Claims 7-9 and 13-15 are rejected under 35 U.S.C. 101 because the claimed invention is directed to a natural correlation/law of nature and an abstract idea without significantly more. This judicial exception is not integrated into a practical application and the claim(s) does/do not include additional elements that are sufficient to amount to significantly more than the judicial exception for the reasons set forth below.
35 U.S.C. § 101 requires that to be patent-eligible, an invention (1) must be directed to one of the four statutory categories, and (2) must not be wholly directed to subject matter encompassing a judicially recognized exception. M.P.E.P. § 2106. Regarding judicial exceptions, “[p]henomena of nature, though just discovered, mental processes, and abstract intellectual concepts are not patentable, as they are the basic tools of scientific and technological work.” Gottschalk v. Benson, 409 U.S. 63, 67 (1972); see also M.P.E.P. § 2106. The unpatentability of abstract ideas was confirmed by the U.S. Supreme court in Bilski v. Kappos, 561 U.S. 593, 601 (June 28, 2010) and Alice Corp. Pty. Ltd. v. CLS Bank Int’l, 134 S. Ct. 2347, 2354 (2014). See also Myriad v Ambry, CAFC 2014-1361, -1366, December 17, 2014. The unpatentability of laws of nature was confirmed by the U.S. Supreme Court in Mayo Collaborative Services v. Prometheus Laboratories, Inc., 566 U.S. 66, 71 (2012). “[L]aws of nature, natural phenomena, and abstract ideas” are not patentable. Dia-mond v. Diehr, 450 U. S. 175, 185 (1981); see also Bilski v. Kappos, 561 U. S. at 601 (2010).
Claims Analysis:
As set forth in MPEP 2106, the claims have been analyzed to determine whether they are directed to one of the four statutory categories (STEP 1).

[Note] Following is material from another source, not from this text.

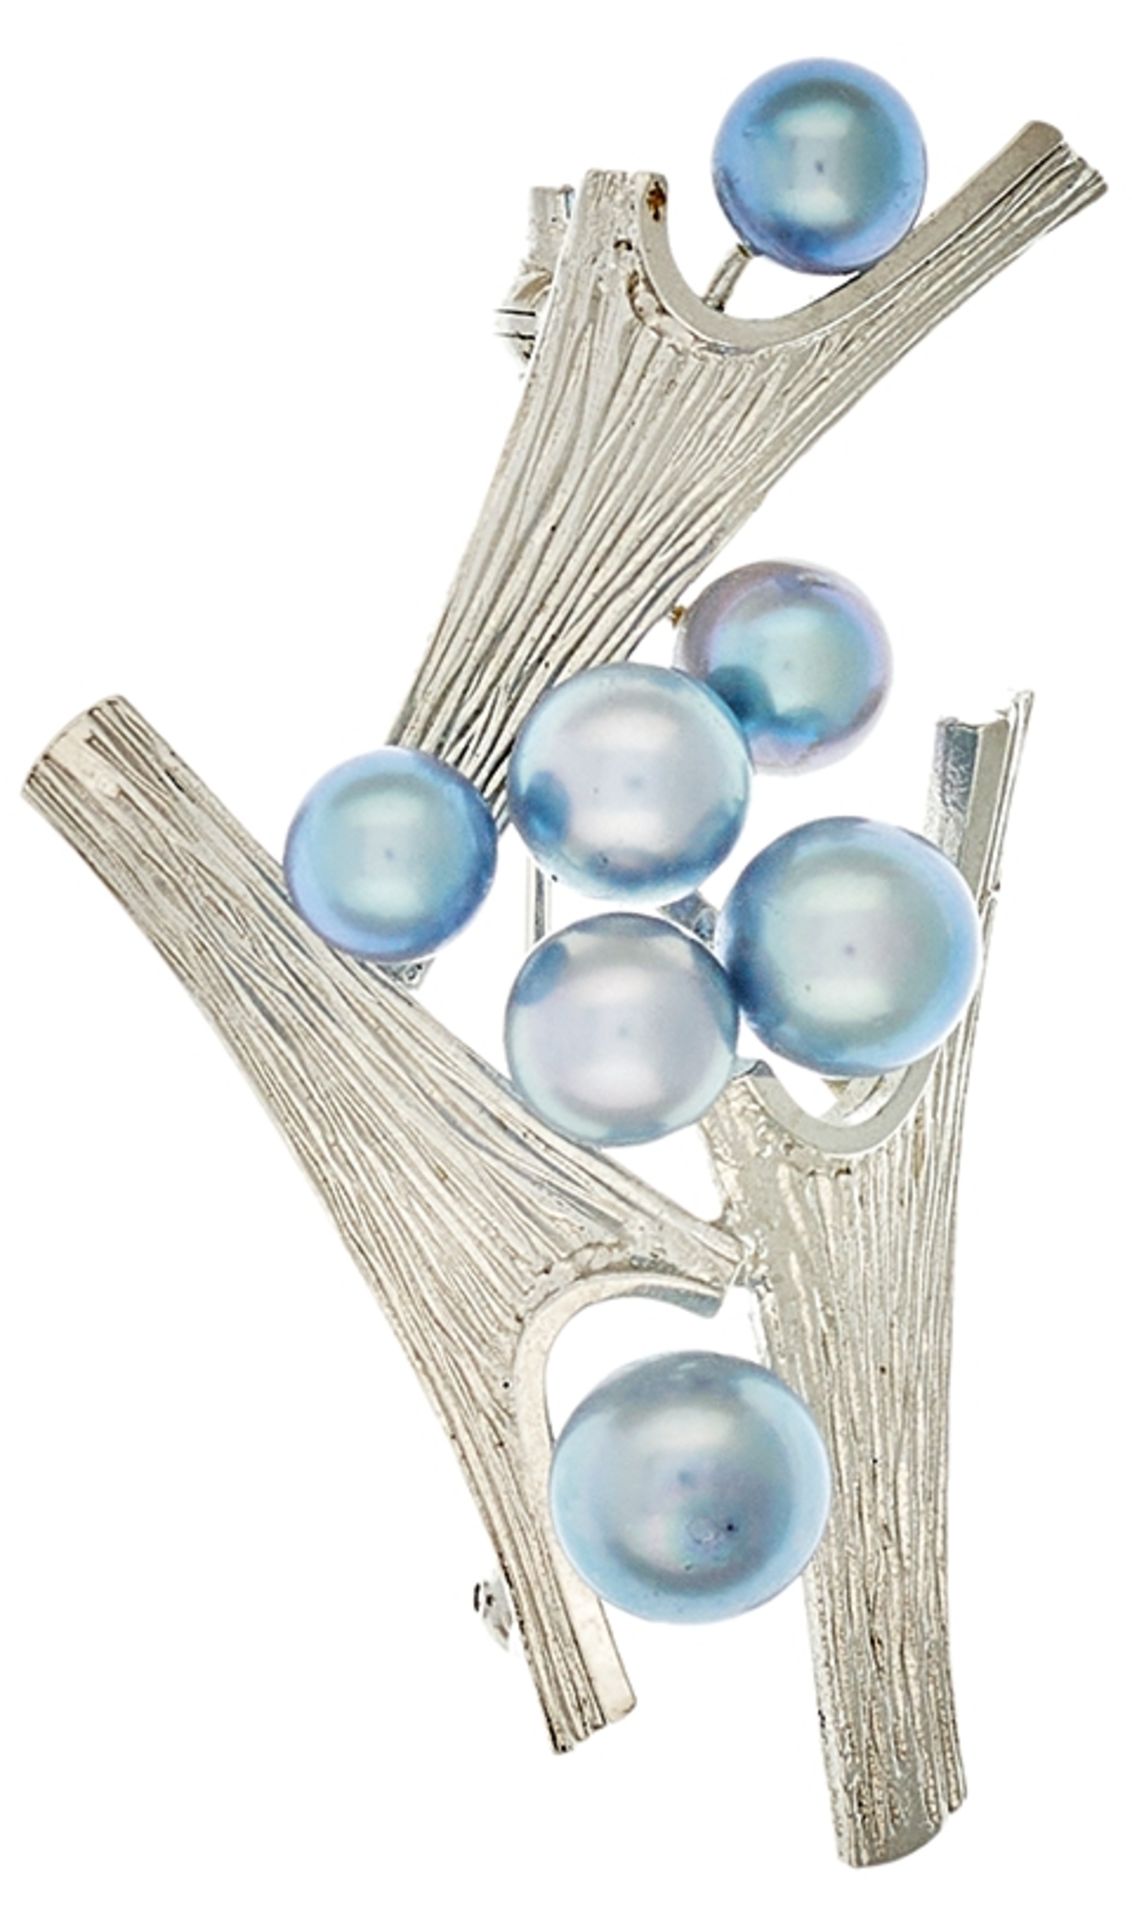 Perl Brosche, 950 Platin, 8,4g, besetzt mit 7 hellblaue Perlen in Dm zw. 5,4-7,2mm, gestempelt.

The instant claims are directed to methods and therefore are directed to one of the four statutory categories of invention.

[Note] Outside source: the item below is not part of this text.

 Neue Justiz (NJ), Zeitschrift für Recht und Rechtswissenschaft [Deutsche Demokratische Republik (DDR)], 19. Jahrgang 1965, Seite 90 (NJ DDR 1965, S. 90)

The claims are then analyzed to determine if they recite a judicial exception (JE) (STEP 2A, prong 1) [Mayo Collaborative Services v. Prometheus Labs., Inc., 132 S. Ct. 1289, 1293 (2012), Alice Corp. Pry. Ltd. v. CLS Bank Int'l, 134 S. Ct. 2347 (2014)].
The claimed invention recites a method of diagnosing colorectal cancer, rectal cancer, or colorectal adenoma by measuring the methylation level of the CpG region of the LINC01798 gene. This recitation is a natural correlation between the level of CpG methylation of LINC01798 and colorectal cancer, rectal cancer, or colorectal adenoma. With regard to the natural correlation, as in Mayo, the relationship is itself a natural process that exists apart from any human action. The claims also recites steps or elements such as: “comparing” the measuring methylation levels, “providing information for the diagnosis”, “determining whether colorectal cancer, rectal cancer, or colorectal adenoma is present”. However these are considered a recitation of abstract ideas because they encompasses conclusions and determinations which can occur entirely within the mind. It is therefore determined that the claims are directed to judicial exceptions.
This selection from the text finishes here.